The vector X includes working-age population (pop) and people with tertiary education (tertiary) as measured by the 2011 census. These variables have been added in a year preceding the estimation period because they could be affected by the emigration flows in the years 2012–2020 (see also Bratti and Conti 2018).
We rely on a parsimonious specification of the model, excluding potentially endogenous controls as local industrial sectors and level of R&D effort.7 However, country fixed effects are added to the regressors to control for national institutional and socio-economic factors.
Data on patents registered by firms from the scoreboards have been sourced from the OECD, REGPAT database (August 2022). REGPAT collects data on patents registered with PATSTAT (the EU patent office) and allocated to each country.
Using sample weights, the share of immigrants in the population at regional level (NUTS2),8 as well as the percentage of low-skilled immigrants, is computed using data from the Labor Force Survey (2010–2018). As already specified, low-skilled immigrants correspond to individuals who attained a lower secondary education to the highest level.
Taking into account that the same socioeconomic factors at regional level could both attract immigrants and increase local innovation, we investigate potential endogeneity issues. We propose several instruments to test for endogeneity of the local share of immigrants.
Firstly, we propose an instrument, largely used in previous studies,9 that relies on the tendency for immigrants to migrate to areas where communities of immigrants from the same country of origin have already settled. Previous findings also highlight that networks favor less-skilled more than skilled immigrants (Beine and Salomone 2013; Bratti and Conti 2018).
Therefore, the distribution among regions of immigrants according to their origins in the past should provide the required exogenous source of variation in the local share of immigrants.
Formally, the instrumental variable “immigrant enclaves” can be written as follows:
$${\text{Imm}}.{\text{ enclaves = }}\mathop \sum \limits_{a = 1}^{N} \frac{{ {\text{immigrants}}_{ai,2001} }}{{{\text{immigrants}}_{ac,2001} }}*\frac{{ {\text{immigrants}}_{ac 2001 - i} }}{{{\text{immigrants}}_{ae,2001} }}$$
(16)
where “i” denotes the NUTS2 region (in the EU country “c”) and “a” denotes immigrants’ geographical area of origin;10 hence, the first term represents the share of immigrants from “a” living in region i in 2001, whereas \({{\text{immigrants}}}_{ac2001-i}\) denotes the total number of immigrants coming from “a” to the European country “c” in 2001 minus the contribution of region i to this total, and \({i{\text{mmigrants}}}_{ae2001}\) denotes the total number of immigrants coming from “a” to Europe in 2001.

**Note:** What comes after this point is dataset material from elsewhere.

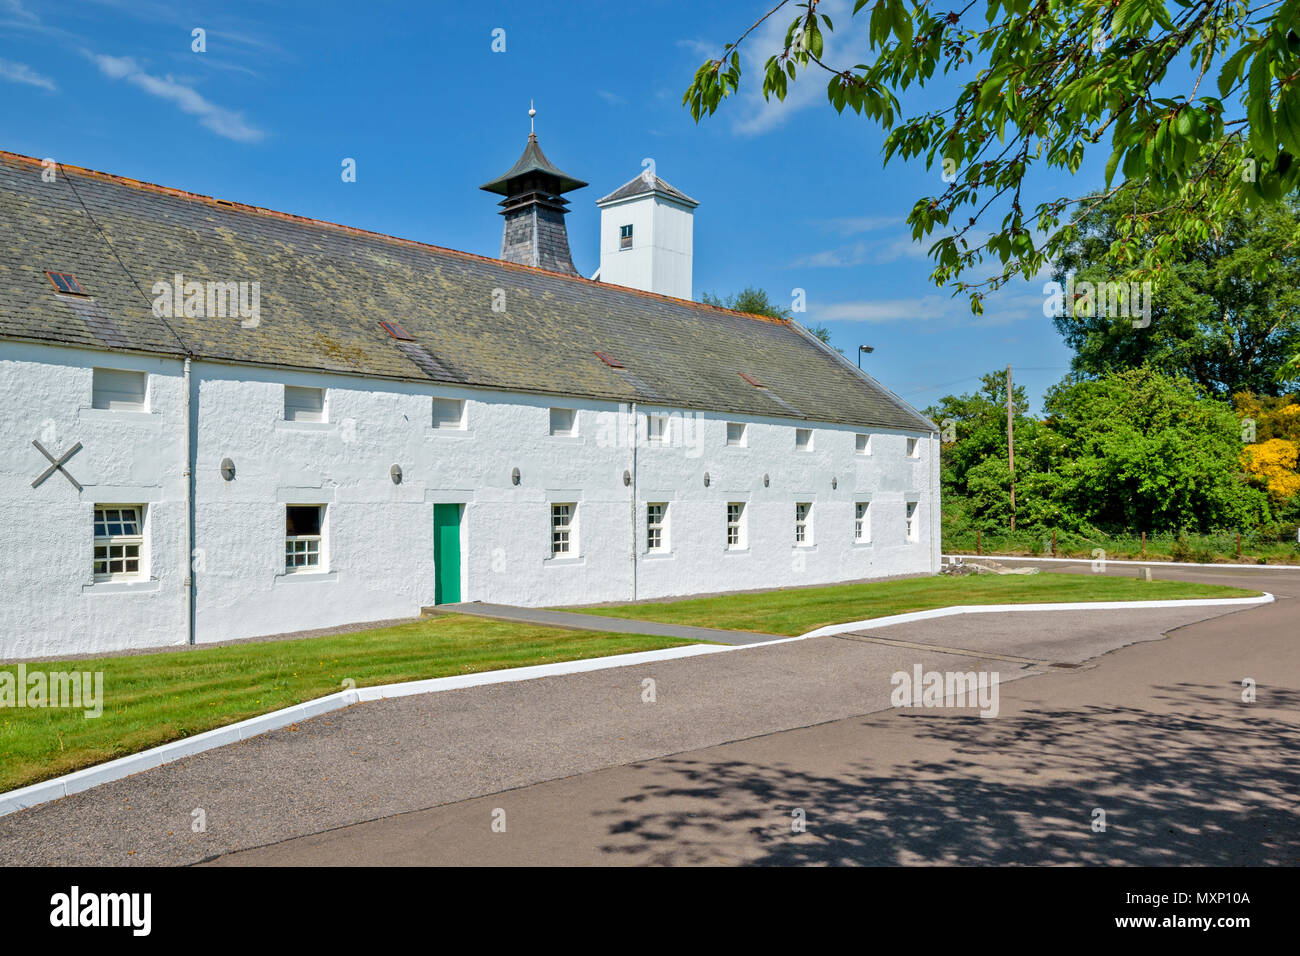 DALLAS DHU MALT WHISKY DISTILLERY FORRES SCOTLAND HISTORIC LONG WHITE OUTER BUILDINGS Stock Photo

The identifying assumption is that local factors that attracted migrants by different nationalities in the past (2001) are uncorrelated with the state of innovation in the years 2012–2020, controlling for the correlates included in the final specification of the model (e.g., population in working age, people with tertiary education, year and country dummies accounting for unobserved socioeconomic conditions). Indeed, 10 years seems like enough time for the assumption to be considered fair. To test the validity of the chosen IV (by the Sargan test), we also rely on additional instruments, namely natives’ concern about immigration at a regional level (NUTS2) and an indicator of migration policies in receiving societies.
A large body of literature has been written about the correlation between migration flows and local population attitudes toward immigrants (Fetzer 2000; Dustmann and Preston 2007; Sobczak 2007; Jolly and DiGiusto 2014; Nese 2022). Immigrants may choose to live in regions where residents are less averse to foreigners; at the same time, the share of foreigners at regional level may increase hostility toward ethnic minorities, in particular, for economic reasons. The instrumental variable “ethnic threat” was developed at a regional level (NUTS-2) based on the following three questions included in the European Social Survey: (i) “Immigration is good or bad for the country’s economy,” (ii) “the country’s cultural life is undermined or enriched by immigrants,” and (iii) “immigrants make the country a worse or better place to live.” The answers were coded on a scale of 0 to 10 (lower values indicate lower propensity to accept immigration).11 To make the instrumental variable exogenous with respect to the estimation period, we measure “ethnic threat” using the European Social Survey carried out in 2010.
The last instrument, Permanent Residence is another aspect of reception context at country level (NUTS0). It measures whether temporary legal residents have facilitated access to a long-term residence permit (e.g., like UE nationals) on a scale 0–100.12
Table 1 reports the descriptive statistics of the variables used in the empirical model. We observe that migrants are about 14% of the population, and about 34% of them are low skilled.
Table 1
Descriptive statistics
Variables
Mean (std. dev.)
p
724.18 (0.044)
m
0.136 (0.002)
mlow
0.342 (0.003)
pop
719.08 (26.58)
tertiary
211.124 (9.05)
Number of observations
1308

5 Results and discussion

Firstly, Eq. (15) is estimated by OLS considering m and mlow as a exogenous variables (Table 2).
Table 2
OLS regressions
Variables
Coefficients (std errs)
(1)
Coefficients (std errs)
(2)
pop
1.027***(0.107)
1.05***(0.104)
tertiary
0.336***(0.095)
0.29***(0.095)
m
0.573***(0.066)
0.578***(0.064)
mlow
 
 − 0.74***(0.098)
No. of observations
1308
1308
R-squared
0.74
0.75
F test
161.49
162.89
Country and year dummies included. ***Significant at 1% level. Robust standard errors
The findings in column 1 indicate a positive correlation between migration flows (m) and innovation. Moreover, we get a positive correlation between people with tertiary education and the number of patents, as well as a positive correlation between active people and innovation.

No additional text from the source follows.